刘少伟, 米超, 贺德印,等.三软厚煤层工作面回采巷道超前“卸-支”协同围岩控制技术及应用[J].河南理工大学学报（自然科学版）,2026,45(2):76-85.

LIU S W, MI C, HE D Y,et al.Surrounding rock control technology and its application based on synergistic roof cutting and support in advanced mining roadways of thick coal seams under three-soft conditions[J].Journal of Henan Polytechnic University(Natural Science) ,2026,45(2):76-85.

三软厚煤层工作面回采巷道超前“卸-支”协同围岩控制技术及应用

刘少伟1,2, 米超1, 贺德印1, 李小鹏1

1.河南理工大学 能源科学与工程学院，河南 焦作  454003；2.煤炭安全生产与清洁高效利用省部共建协同创新中心，河南 焦作  454003

摘要: 目的 为了解决三软厚煤层工作面开采过程中回采巷道超前支护区域围岩应力集中、超前支护工序繁琐且效果差、工作面推进缓慢等问题，开展三软厚煤层工作面回采巷道超前“卸-支”协同围岩控制技术及应用研究。  方法 以赵家寨煤矿12203工作面胶带运输巷为研究背景，利用数值模拟结合现场工业性试验，分析工作面回采巷道超前支护区域围岩应力集中程度影响因素，研究最佳切顶方案和超前锚索补强支护方案。 结果 结果表明，工作面超前和侧向支承压力与回采巷道开挖形成的侧向支承压力叠加，对回采巷道超前支护区域围岩应力集中程度影响显著。数值模拟证明了切顶能够从回采巷道围岩应力转移、改变采场荷载分布情况、卸压3个方面有效改善回采巷道超前支护区域围岩应力集中。最终确定切顶角10°、切顶深度18 m为最佳方案，同时明确了最佳超前锚索补强支护方案。在赵家寨煤矿12203工作面胶带运输巷开展“卸-支”协同技术现场应用试验，回采巷道超前支护区域浅部围岩应力集中程度得到有效缓解，取消了工作面回采巷道超前被动支护，保证了巷道安全生产。 结论 回采巷道超前“卸-支”协同围岩控制技术能够有效卸压、补强支护，保障回采巷道安全稳定的同时，又保证工作面安全快速回采，可为同类三软厚煤层回采巷道围岩控制提供有效技术参考。

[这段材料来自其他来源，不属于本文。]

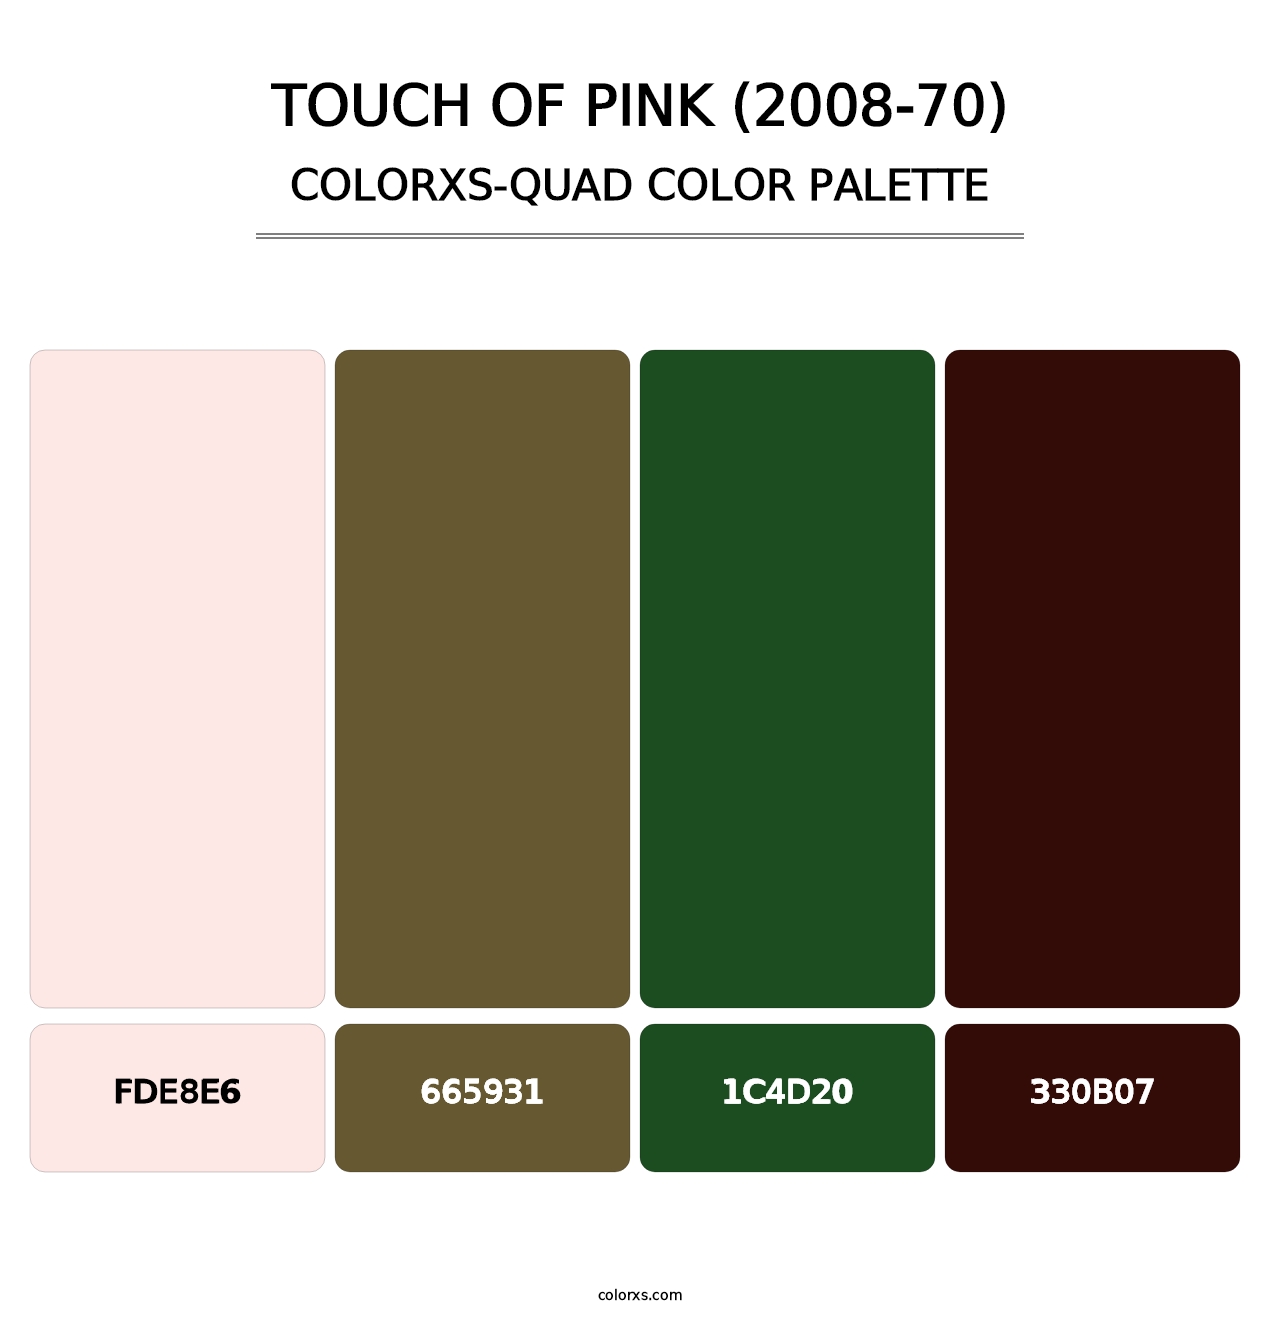 Touch of Pink (2008-70) - Colorxs Quad Palette

关键词:切顶卸压;应力转移;超前支护;围岩控制;三软厚煤层

doi:10.16186/j.cnki.1673-9787.2024060008

基金项目:国家自然科学基金资助项目（52574111）；河南省科技攻关项目（252102320206）；河南理工大学杰出青年基金项目（J2025-1）；河南省高校基本科研业务费专项资金资助项目（NSFRF2502082）

收稿日期:2025/06/05

修回日期:2025/09/23

出版日期:2026/01/28

Surrounding rock control technology and its application based on synergistic roof cutting and support in advanced mining roadways of thick coal seams under three-soft conditions

Liu Shaowei1,2, Mi Chao1, He Deyin1, Li Xiaopeng1

1.School of Energy Science and Engineering， Henan Polytechnic University， Jiaozuo  454003， Henan， China；2.State Collaborative Innovation Center of Coal Work Safety and Clean High Efficiency Utilization， Jiaozuo  454003， Henan， China

Abstract: Objectives To address the problems of severe surrounding rock stress concentration， complicated advance support procedures with poor effectiveness， and slow working-face advancement in advanced mining roadways of thick coal seams under three-soft conditions， a study on synergistic surrounding rock control technology integrating roof cutting and support was conducted.  Methods Taking the belt transportation roadway of the 12203 working face in Zhaojiazhai Coal Mine as the engineering background， numerical simulations combined with field industrial tests were employed to analyze the factors influencing surrounding rock stress concentration in the advanced roadway section. The optimal roof-cutting scheme and advanced anchor-cable reinforcement support scheme were investigated. Results The results indicate that the superposition of the advanced and lateral abutment pressures of the working face with the lateral abutment pressure induced by roadway excavation has a significant influence on surrounding rock stress concentration in the advanced support zone. Numerical simulations demonstrate that roof cutting can effectively alleviate stress concentration by transferring surrounding rock stress， modifying the load distribution of the mining area， and relieving pressure. The optimal roof-cutting parameters were determined as a cutting angle of 10° and a cutting depth of 18 m， and the corresponding advanced anchor-cable reinforcement support scheme was established. Field application of the synergistic “roof cutting-support” technology in the belt transportation roadway of the 12203 working face shows that stress concentration in the shallow surrounding rock of the advanced zone was effectively mitigated， advance passive support was eliminated， and safe roadway operation was ensured. Conclusions The synergistic surrounding rock control technology integrating roof cutting and support can effectively relieve stress and reinforce support， ensuring the safety and stability of advanced mining roadways while enabling safe and efficient working-face advance. This technology provides a valuable technical reference for surrounding rock control in similar thick coal seam mining roadways under three-soft conditions.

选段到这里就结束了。